Patrick Deneen has a fascinating essay on the great change that oil has wrought in our culture and day-to-day lives.
At most cafes today there is a station where packets of sugar, canisters of milk and cream, and coffee stirrers are conveniently available for the personalization of each person’s hot beverage. Amid the detritus that is collected every hour, each day, week after week, year upon year, is a steady stream of coffee stirrers that are swirled once or twice around the cup and then deposited into the trash. It is a marvel to imagine how many of these stirrers are disposed every day after a single use. Or the tops of the coffee cups, also tossed away with the empty cup. Or the plastic bags we might use to carry the baked goods that accompany our hot beverage. Or the discarded bottles of ecologically produced water the purchase of which goes to help impoverished people in “developing” countries. In that one daily purchase - made daily by hundreds of thousands if not millions of people - we witness in a microcosm our disposable society.[...]

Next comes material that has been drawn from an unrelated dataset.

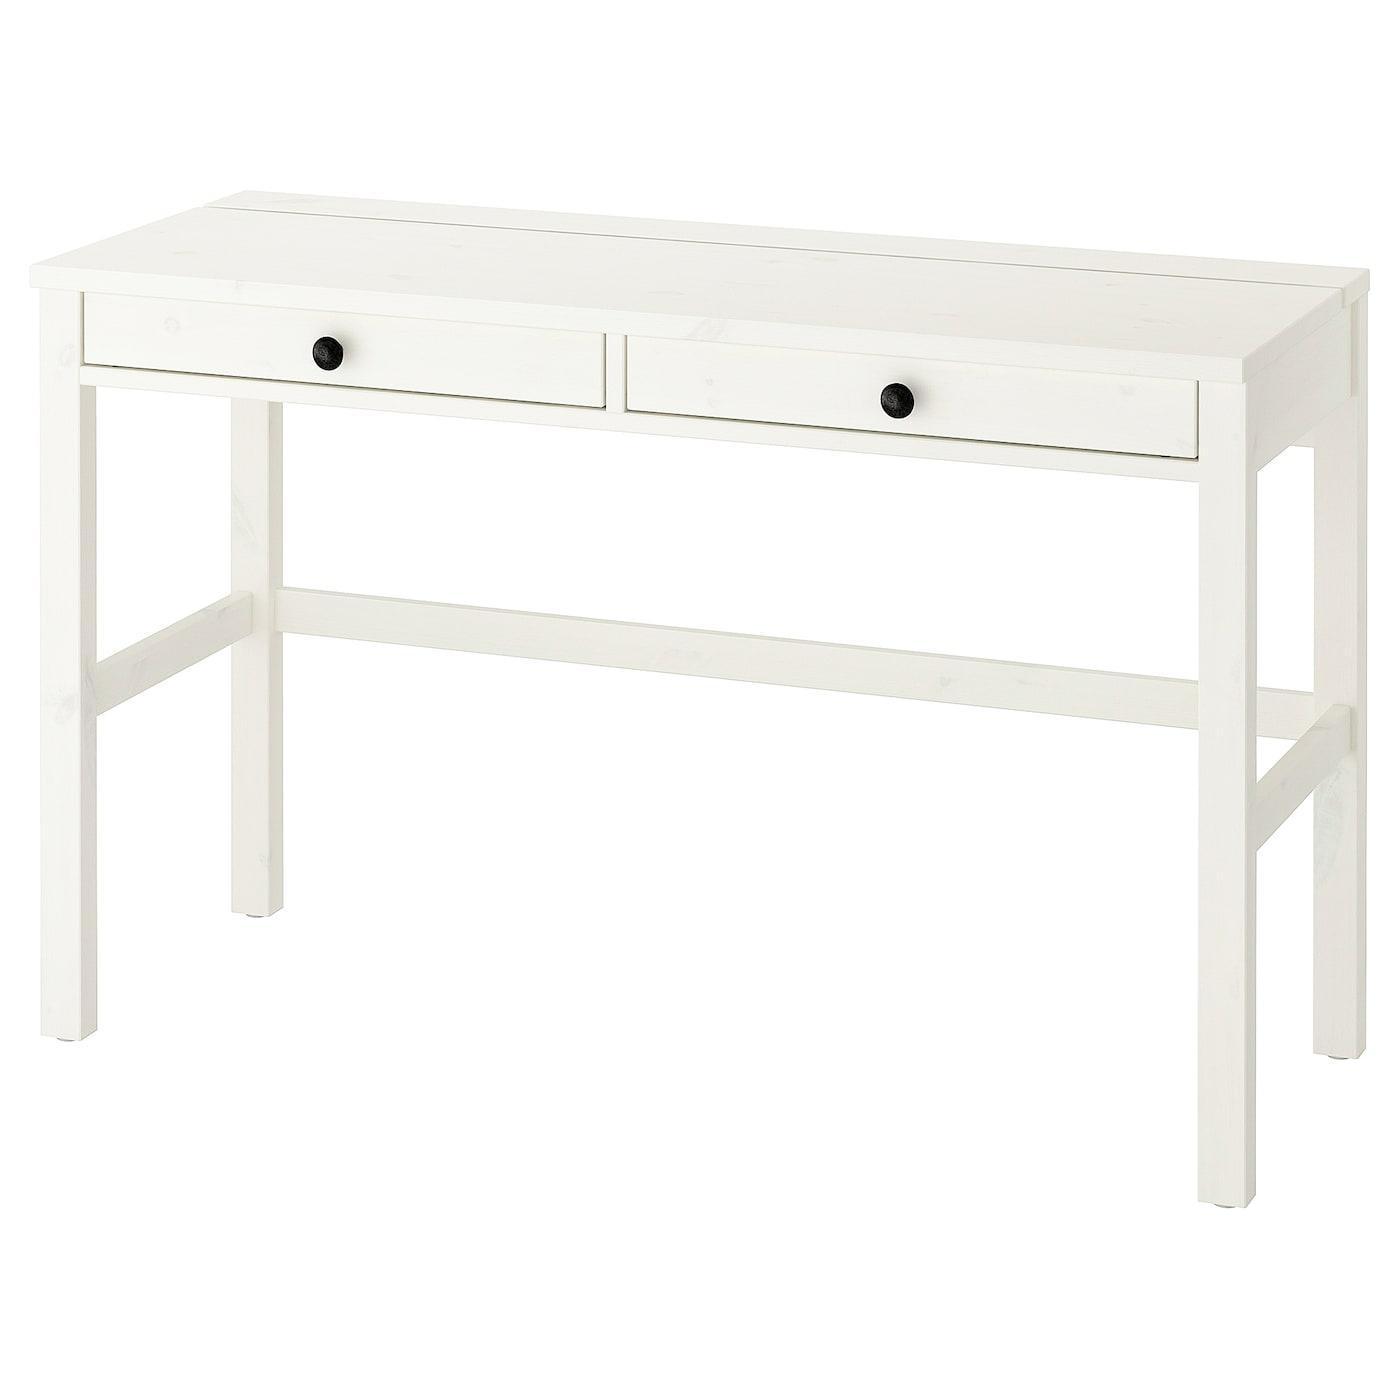 HEMNES Schreibtisch mit 2 Schubladen - weiß gebeizt 120x47 cm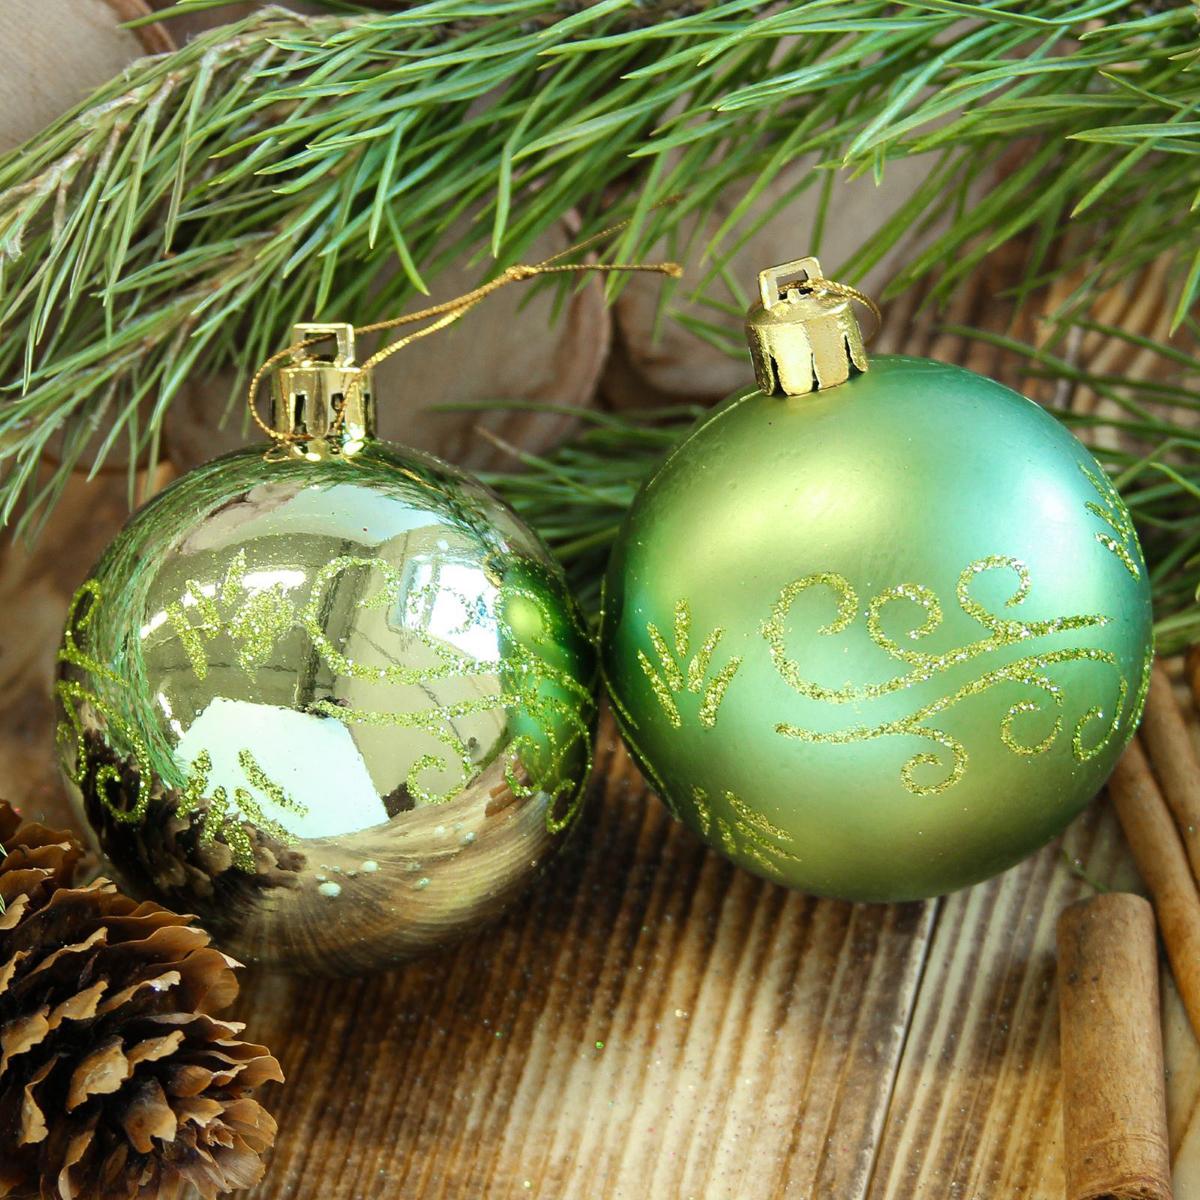 Набор новогодних подвесных украшений Sima-land Завитки, диаметр 6 см, 8 шт2122525Набор новогодних подвесных украшений Sima-land отлично подойдет для декорации вашего дома и новогодней ели. С помощью специальной петельки украшение можно повесить в любом понравившемся вам месте. Но, конечно, удачнее всего оно будет смотреться на праздничной елке. Елочная игрушка - символ Нового года. Она несет в себе волшебство и красоту праздника. Создайте в своем доме атмосферу веселья и радости, украшая новогоднюю елку нарядными игрушками, которые будут из года в год накапливать теплоту воспоминаний.

From time immemorial human beings have sought some way to create momentos or monuments that would stand the test of time, beyond not only our own lifetime and that of our children, but as testimony to what we are and were to future civilizations yet unknown and unknowable. From the epics of Homer or the story of Gilgamesh to the pyramids of Egypt to the Icelandic sagas to the humble gravestones found in ancient churchyards, humans have sought some form of permanence in a world that inevitably all but erases the presence of each generation from the distant future. Yet, when sometimes we imagine the sentient beings that may settle on the layers of earth that will someday cover our surface - or the visitors from some other planet who will arrive here after life as we know it has ceased - and imagine that what they will discover, we picture their unearthing of a civilization that wrapped the earth in a layer of plastic. The things we throw out most readily - without thought or hesitation - will be the very things that will prove to be the most lasting substance known to any civilization of human being. How is it that we came to dispose so readily of something so permanent, when so many generations that preceded us worked so mightily to preserve even those things that are fleeting?
Read the whole thing–which I don’t agree with in toto but is interesting and thought-provoking nonetheless.

There’s a certain class issue left out - children and lower class people used to always pour the milk and sweetener in first, eliminating the need for a spoon to stir it with. Just like lawns were the pervue of the wealthy.